Les récents chiffres décevants de l'emploi aux États-Unis incitent la Banque centrale américaine (Fed) à repousser ses futures hausses de taux d'intérêt. Par conséquent, le dollar a cédé du terrain face à presque toutes les grandes devises mondiales, à l'exception du yen. Toutefois, la devise japonaise a fortement progressé au cours des deux dernières semaines en raison d'interventions agressives du Japon et des États-Unis ; la faible performance de la semaine dernière doit donc être relativisée.
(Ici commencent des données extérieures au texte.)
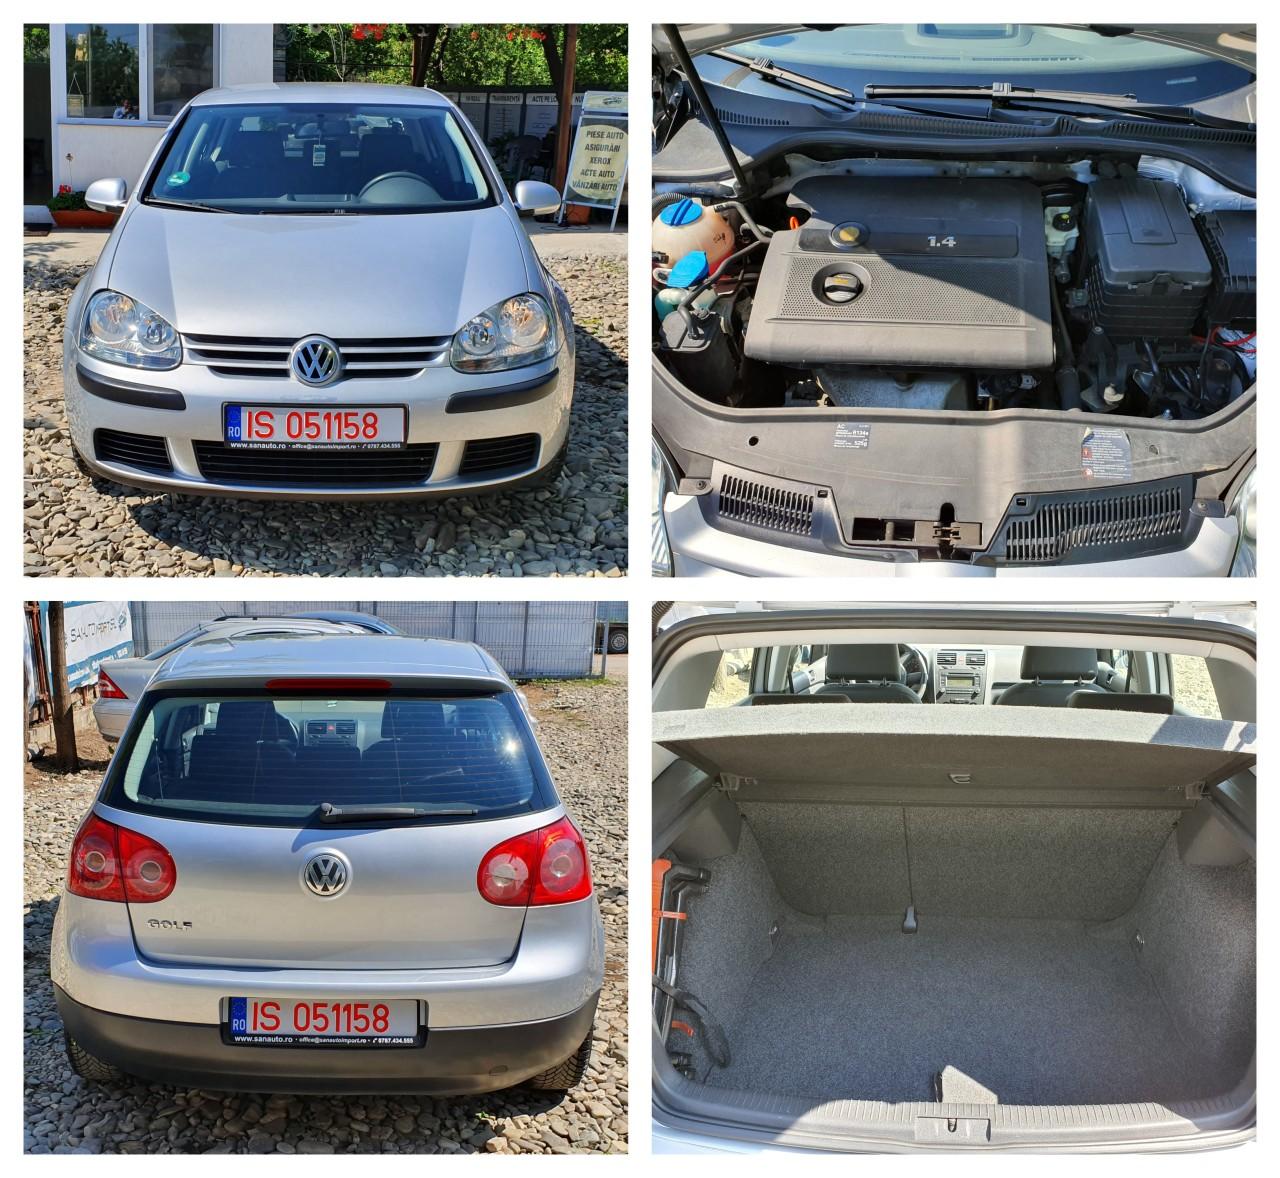 VW Golf 1.4 2004

Sur les autres marchés, la Bourse continue de battre des records et les obligations se stabilisent, les investisseurs choisissant d'ignorer pour le moment les prix élevés du pétrole et le manque de progrès diplomatiques avec l'Iran.
L'attention se tourne désormais vers les chiffres de l'inflation américaine de juillet, attendus ce mercredi. Jusqu'à présent, l'inflation américaine n'a montré que peu de signes d'effets de second tour. Ce rapport est l'un des deux derniers avant la réunion cruciale de la Fed en septembre. Les marchés surveilleront également de près les importantes ventes de dette publique américaine tout au long de la semaine. Les données du PIB britannique pour le deuxième trimestre 2026, publiées jeudi, constitueront également un indicateur clé, bien qu'il s'agisse d'une donnée décalée dans le temps.
EUR
Malgré une semaine peu chargée en données économiques, on constate que l'économie allemande profite enfin de son grand plan de relance de 2025. De plus, les indicateurs d'activité de la zone euro, tels que les indices PMI, repartent à la hausse, montrant que la forte croissance du printemps se prolonge cet été. Les marchés intègrent une probabilité de 80 % d'une deuxième hausse des taux lors de la réunion de la BCE en septembre, ce qui aide l'euro à poursuivre sa progression face au dollar.
USD
Un faible rapport sur l'emploi publié vendredi a créé la surprise à la baisse, bien que d'autres indicateurs continuent de ne montrer que peu de changements dans la dynamique du marché du travail américain : les créations de postes ralentissent, mais suffisent à compenser la baisse de la main-d'œuvre disponible. Notre analyse par rapport à l’économie américaine reste donc inchangée. En ce qui concerne la Réserve fédérale, les récentes données sur l'emploi et l'inflation confortent notre opinion selon laquelle la banque centrale maintiendra ses taux inchangés en septembre. Les chiffres de l'inflation de juillet, attendus mercredi, constitueront la prochaine étape décisive, mais seule une très forte, et improbable, hausse des prix pourrait pousser la Fed à relever ses taux.
CHF
Le franc s'est légèrement apprécié face au dollar la semaine dernière, bien qu'il soit resté en retrait par rapport à la plupart des autres devises du G10. Le regain d'optimisme concernant un éventuel accord sur le détroit d'Ormuz est légèrement défavorable au franc, ce qui pourrait expliquer en partie cette sous-performance. Les données macroéconomiques suisses n'ont pas non plus arrangé les choses : l'indice PMI manufacturier de juillet a déçu les attentes, tandis que les prix à la consommation ont enregistré leur première baisse mensuelle depuis janvier.
Dans l'ensemble, rien dans ces données ne laisse présager que la Banque nationale suisse relèvera ses taux d'ici au moins la fin de l'année. Cela pourrait contribuer à tirer la paire EUR/CHF vers le haut si la BCE relève effectivement ses taux en septembre, comme nous le prévoyons.